Была масленица. Мы с Настасьей Петровной едва достали билет на вечерний спектакль. Давали «Эсмеральду», которую ей давно хотелось видеть. Спектакль шел очень хорошо и, по русскому театральному обычаю, окончился очень поздно. Ночь была погожая, и мы с Настасьей Петровной пошли домой пешком. Дорогою я заметил, что моя винокурша очень задумчива и часто отвечает невпопад.

– Что вас так занимает? – спросил я ее.

– А что?

– Да вы не слышите, что́ я вам говорю.

Настасья Петровна засмеялась.

– А как вы думаете: о чем я задумываюсь?

– Трудно отгадать.

– Ну, а так, например?

– Об Эсмеральде.

– Да, вы почти отгадали; но не сама Эсмеральда меня занимает, а этот бедный Квазимодо.

– Вам жаль его?

– Очень. Вот настоящее несчастие: быть таким человеком, которого нельзя любить. И жаль его, и хотел бы снять с него горе, да нельзя этого сделать. Это – ужасно! А нельзя, никак нельзя, – продолжала она в раздумье.

Усевшись за чай, в ожидании возвращения к ужину Александра Ивановича, мы очень долго толковали. Александр Иванович не приходил.

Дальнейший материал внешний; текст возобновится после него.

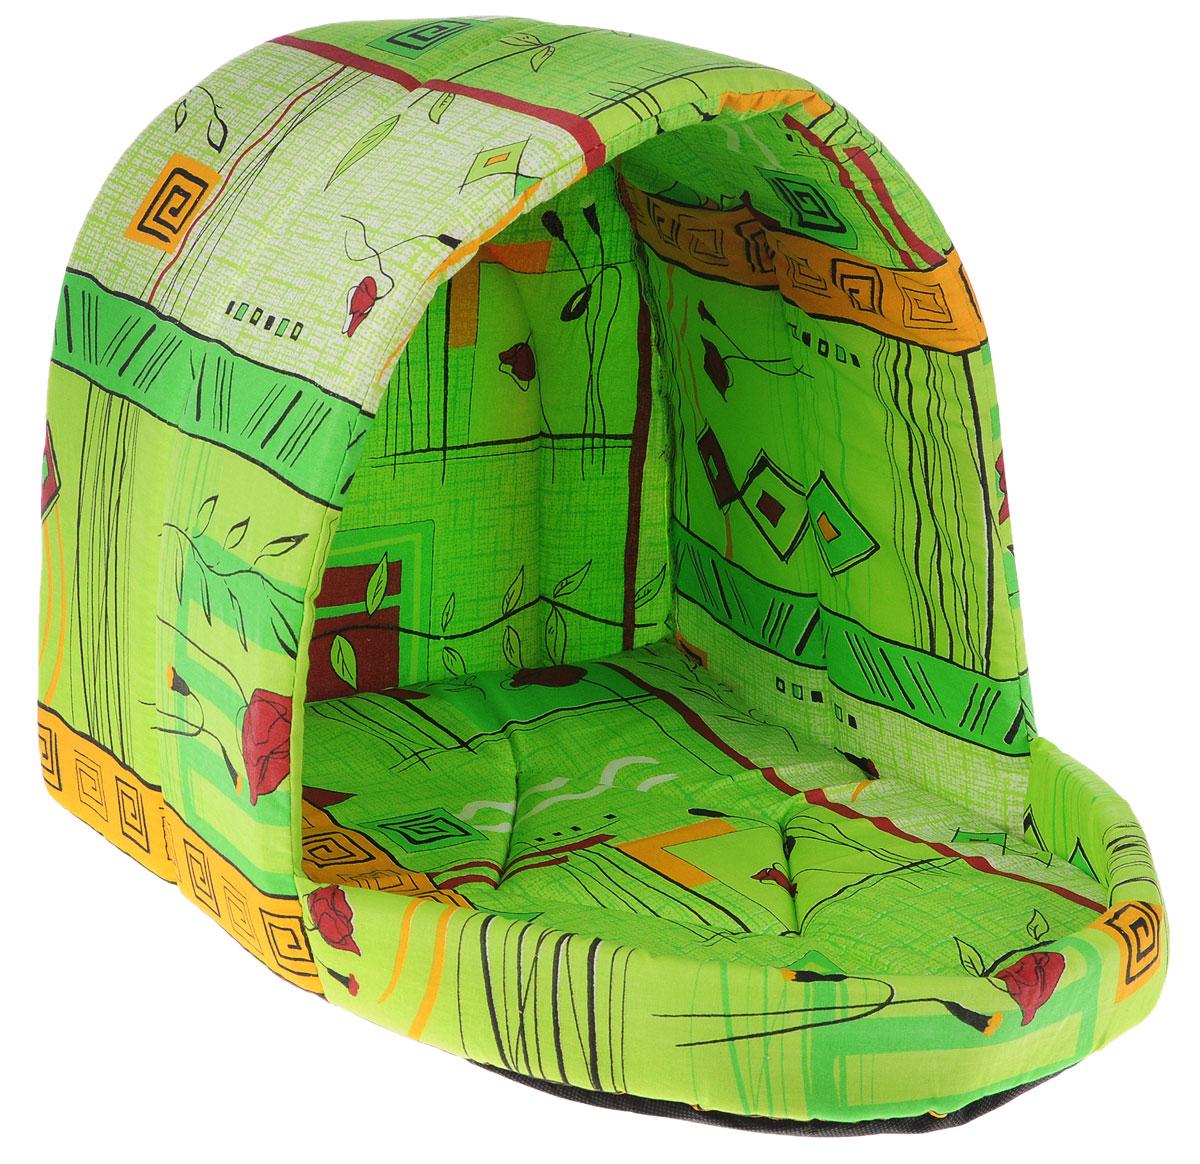 Лежак для животных Elite Valley Люлька, цвет: зеленый, оранжевый, 50 х 38 х 38 см. Л-11/4Л-11/4_зеленый, оранжевыйЛежак Elite Valley Люлька непременно станет любимым местом отдыха вашего домашнего животного. Изделие выполнено из бязи и нетканого материала, а наполнитель - из поролона. Такой материал не теряет своей формы долгое время. Внутри имеется мягкая съемная подстилка. На таком лежаке вашему любимцу будет мягко и тепло. Он подарит вашему питомцу ощущение уюта и уединенности, а также возможность спрятаться.

– Э! Еще слава Богу, что в самом деле на свете таких людей не бывает.

– Каких? Как Квазимодо?

– Да.

– А Овцебык?

Настасья Петровна ударила ладонью по столу и сначала рассмеялась, но потом как бы застыдилась своего смеха и проговорила тихо:

– А ведь в самом деле!

Она придвинула свечку и пристально стала смотреть в огонь, прищуривая слегка свои прекрасные глаза.

Глава двенадцатая

Свиридовы пробыли в Петербурге до лета. Всё день за день откладывали за делами свой отъезд. Они уговорили меня ехать с ними вместе. Вместе мы ехали до нашего уездного города. Тут я сел на перекладную и повернул к матушке, а они уехали к себе, взяв с меня слово быть у них через неделю. Александр Иванович собирался тотчас же по приезде домой ехать в Жогово, где у него шла рубка и где резидировал теперь Овцебык, а через неделю обещал быть дома. У нас меня не ожидали и очень мне обрадовались… Я сказал, что с неделю никуда не выеду; мать вызвала моего двоюродного брата с женою, и начались разные буколические наслаждения. Так прошло дней десять, а на одиннадцатый или на двенадцатый, на самой ранней зоре, ко мне вошла несколько встревоженная моя старушка-няня.

– Что такое? – спрашиваю ее.





– От барковских, дружочек, к тебе, – говорит, – прислали.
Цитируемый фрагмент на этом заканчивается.